_WHAT THIS TASK INVOLVES_:
Copy out all of the records. Keep every word exact.

--------------------------------

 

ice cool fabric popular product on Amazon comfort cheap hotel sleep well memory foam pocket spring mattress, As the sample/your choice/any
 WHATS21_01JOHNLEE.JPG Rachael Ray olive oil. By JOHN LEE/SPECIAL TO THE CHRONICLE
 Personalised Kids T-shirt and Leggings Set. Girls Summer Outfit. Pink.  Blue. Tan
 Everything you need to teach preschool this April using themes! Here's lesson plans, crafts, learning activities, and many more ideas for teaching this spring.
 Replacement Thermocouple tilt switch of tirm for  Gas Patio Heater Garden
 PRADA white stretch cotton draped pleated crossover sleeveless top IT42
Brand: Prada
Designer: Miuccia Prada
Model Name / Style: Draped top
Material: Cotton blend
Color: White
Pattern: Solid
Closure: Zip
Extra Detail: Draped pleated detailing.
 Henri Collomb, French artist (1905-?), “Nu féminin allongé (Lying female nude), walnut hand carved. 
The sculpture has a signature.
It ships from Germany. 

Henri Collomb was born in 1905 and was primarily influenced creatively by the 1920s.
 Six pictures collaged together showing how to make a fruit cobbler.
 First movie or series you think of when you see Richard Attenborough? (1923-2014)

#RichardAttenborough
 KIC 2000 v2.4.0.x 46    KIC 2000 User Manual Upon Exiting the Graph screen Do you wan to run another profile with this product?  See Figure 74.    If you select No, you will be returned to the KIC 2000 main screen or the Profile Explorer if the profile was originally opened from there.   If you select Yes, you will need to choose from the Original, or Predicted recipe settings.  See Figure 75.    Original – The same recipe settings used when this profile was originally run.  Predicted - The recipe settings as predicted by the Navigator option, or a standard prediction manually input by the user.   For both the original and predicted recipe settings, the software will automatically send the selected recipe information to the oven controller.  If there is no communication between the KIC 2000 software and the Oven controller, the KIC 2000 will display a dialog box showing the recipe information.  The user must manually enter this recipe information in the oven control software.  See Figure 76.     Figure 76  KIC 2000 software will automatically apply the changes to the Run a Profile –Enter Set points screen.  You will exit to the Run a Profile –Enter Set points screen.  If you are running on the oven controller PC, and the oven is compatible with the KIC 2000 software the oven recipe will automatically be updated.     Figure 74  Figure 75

--------------------------------

_ANSWER SPACE_:
ice cool fabric popular product on Amazon comfort cheap hotel sleep well memory foam pocket spring mattress, As the sample/your choice/any
 WHATS21_01JOHNLEE.JPG Rachael Ray olive oil. By JOHN LEE/SPECIAL TO THE CHRONICLE
 Personalised Kids T-shirt and Leggings Set. Girls Summer Outfit. Pink.  Blue. Tan
 Everything you need to teach preschool this April using themes! Here's lesson plans, crafts, learning activities, and many more ideas for teaching this spring.
 Replacement Thermocouple tilt switch of tirm for  Gas Patio Heater Garden
 PRADA white stretch cotton draped pleated crossover sleeveless top IT42
Brand: Prada
Designer: Miuccia Prada
Model Name / Style: Draped top
Material: Cotton blend
Color: White
Pattern: Solid
Closure: Zip
Extra Detail: Draped pleated detailing.
 Henri Collomb, French artist (1905-?), “Nu féminin allongé (Lying female nude), walnut hand carved. 
The sculpture has a signature.
It ships from Germany. 

Henri Collomb was born in 1905 and was primarily influenced creatively by the 1920s.
 Six pictures collaged together showing how to make a fruit cobbler.
 First movie or series you think of when you see Richard Attenborough? (1923-2014)

#RichardAttenborough
 KIC 2000 v2.4.0.x 46    KIC 2000 User Manual Upon Exiting the Graph screen Do you wan to run another profile with this product?  See Figure 74.    If you select No, you will be returned to the KIC 2000 main screen or the Profile Explorer if the profile was originally opened from there.   If you select Yes, you will need to choose from the Original, or Predicted recipe settings.  See Figure 75.    Original – The same recipe settings used when this profile was originally run.  Predicted - The recipe settings as predicted by the Navigator option, or a standard prediction manually input by the user.   For both the original and predicted recipe settings, the software will automatically send the selected recipe information to the oven controller.  If there is no communication between the KIC 2000 software and the Oven controller, the KIC 2000 will display a dialog box showing the recipe information.  The user must manually enter this recipe information in the oven control software.  See Figure 76.     Figure 76  KIC 2000 software will automatically apply the changes to the Run a Profile –Enter Set points screen.  You will exit to the Run a Profile –Enter Set points screen.  If you are running on the oven controller PC, and the oven is compatible with the KIC 2000 software the oven recipe will automatically be updated.     Figure 74  Figure 75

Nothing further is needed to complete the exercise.